Learn the vocabulary of estimating item frequencies in a huge stream with a small, fixed-size hashed counter grid.
0 / 5 completed
1 / 5
At standup, a dev mentions estimating how many times each item has appeared in a huge stream using a small, fixed-size grid of counters updated by several hash functions, trading a small, one-directional overestimation error for using far less memory than an exact per-item counter. What is this structure called?
Count-min sketch is exactly this: a count-min sketch estimates how many times each item has appeared in a huge stream by hashing every item with several independent hash functions into a small, fixed-size grid of counters, incrementing one counter per row on every occurrence, and estimating an item's count as the minimum value across its hashed counters, which can only ever overestimate, never underestimate, the true count. A hash collision is an unrelated hash-table concept about two keys sharing a bucket. This fixed-size, several-hash-functions approach is exactly why a count-min sketch can approximate frequency counts for an enormous stream using far less memory than tracking an exact counter per distinct item.
2 / 5
During a design review, the team uses a count-min sketch to track approximate item frequencies in a massive, high-cardinality stream, specifically because a fixed-size grid of counters uses far less memory than an exact counter per distinct item, at the cost of a small, always-one-directional overestimation error. Which capability does this provide?

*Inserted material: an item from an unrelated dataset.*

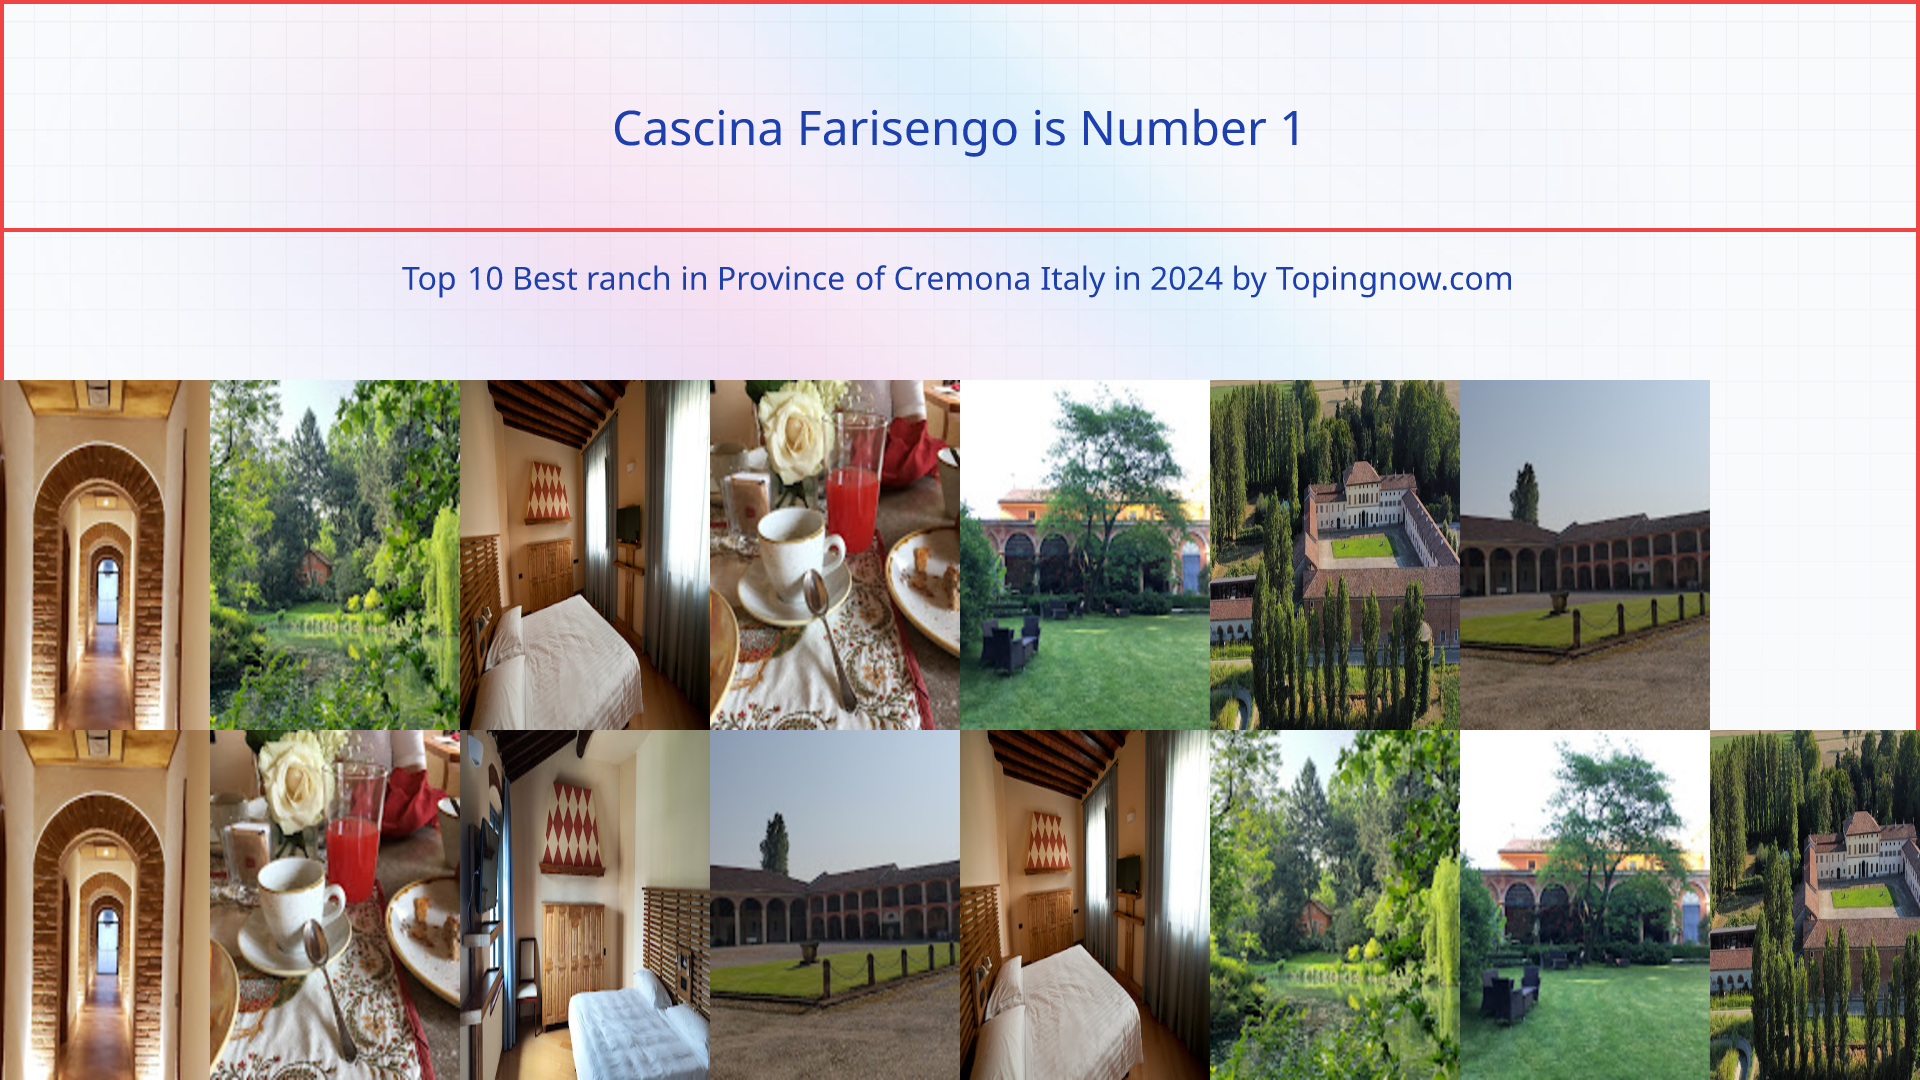 Cascina Farisengo: Top 10 Best ranch in Province of Cremona Italy in 2024
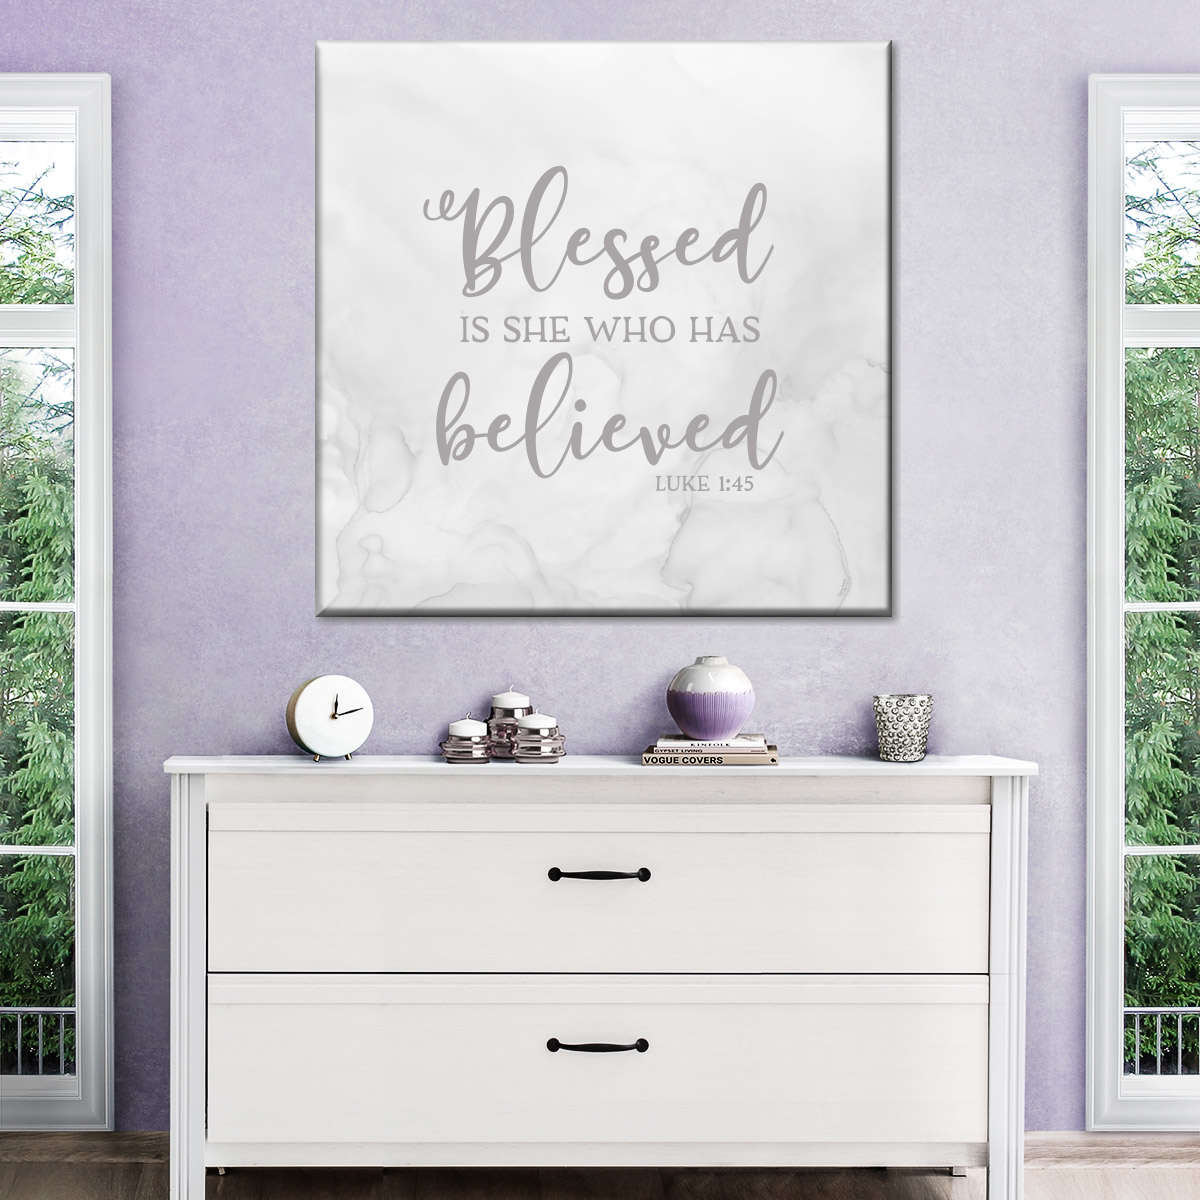 Girl Inspired Blessed Square Canvas Wall Art - Bible Verse Wall Art Canvas - Religious Wall Hanging

Count-min sketch here provides Memory-bounded frequency estimation regardless of how many distinct items appear, since the counter grid's size stays fixed no matter how many distinct items appear in the stream, unlike an exact per-item counter map, which grows in proportion to the number of distinct items, trading a small, always-one-directional overestimation error for that bounded memory footprint. Tracking one exact counter per distinct item costs memory that grows without bound as the number of distinct items in the stream grows. This bounded-memory, small-overestimation-error tradeoff is exactly why a count-min sketch is favored for approximate frequency tracking over an enormous, high-cardinality stream.
3 / 5
In a code review, a dev notices a frequency-tracking feature over a massive, high-cardinality stream maintains one exact counter per distinct item ever seen, letting its memory usage grow without bound, instead of using a fixed-size probabilistic counter grid. What does this represent?
This is a missed count-min-sketch opportunity, since using a count-min sketch's fixed-size grid of hashed counters would bound memory usage regardless of how many distinct items appear, at the cost of only a small, one-directional overestimation error. A cache eviction policy is an unrelated concept about discarded cache entries. This unbounded-memory-growth pattern is exactly the kind of risk a reviewer flags once the stream's item cardinality is confirmed to be extremely high.
4 / 5
An incident report shows a frequency-tracking service's memory usage grew without bound and eventually exhausted available memory, because it maintained one exact counter per distinct item over a massive, high-cardinality stream instead of using a fixed-size probabilistic structure. What practice would prevent this?
Switching to a count-min sketch's fixed-size hashed-counter grid removes the unbounded memory growth entirely. Continuing to maintain one exact counter per distinct item over a high-cardinality stream regardless of how many distinct items actually appear in the stream is exactly what caused the issue described in this incident. This count-min-sketch approach is the standard fix once the stream's item cardinality is confirmed high enough to make exact per-item counting impractical.
5 / 5
During a PR review, a teammate asks why the team reaches for a count-min sketch instead of an exact hash map of counters, given that an exact hash map gives perfectly accurate counts with no estimation error at all. What is the reasoning?
A count-min sketch bounds memory usage to a small, fixed footprint regardless of how many distinct items appear, at the cost of a small, always-one-directional overestimation error, while an exact hash map of counters gives perfectly accurate counts but its memory usage grows without bound as distinct items accumulate. This is exactly why a count-min sketch is favored for a massive, high-cardinality stream, while an exact hash map remains preferable when perfect accuracy is required and cardinality stays manageable.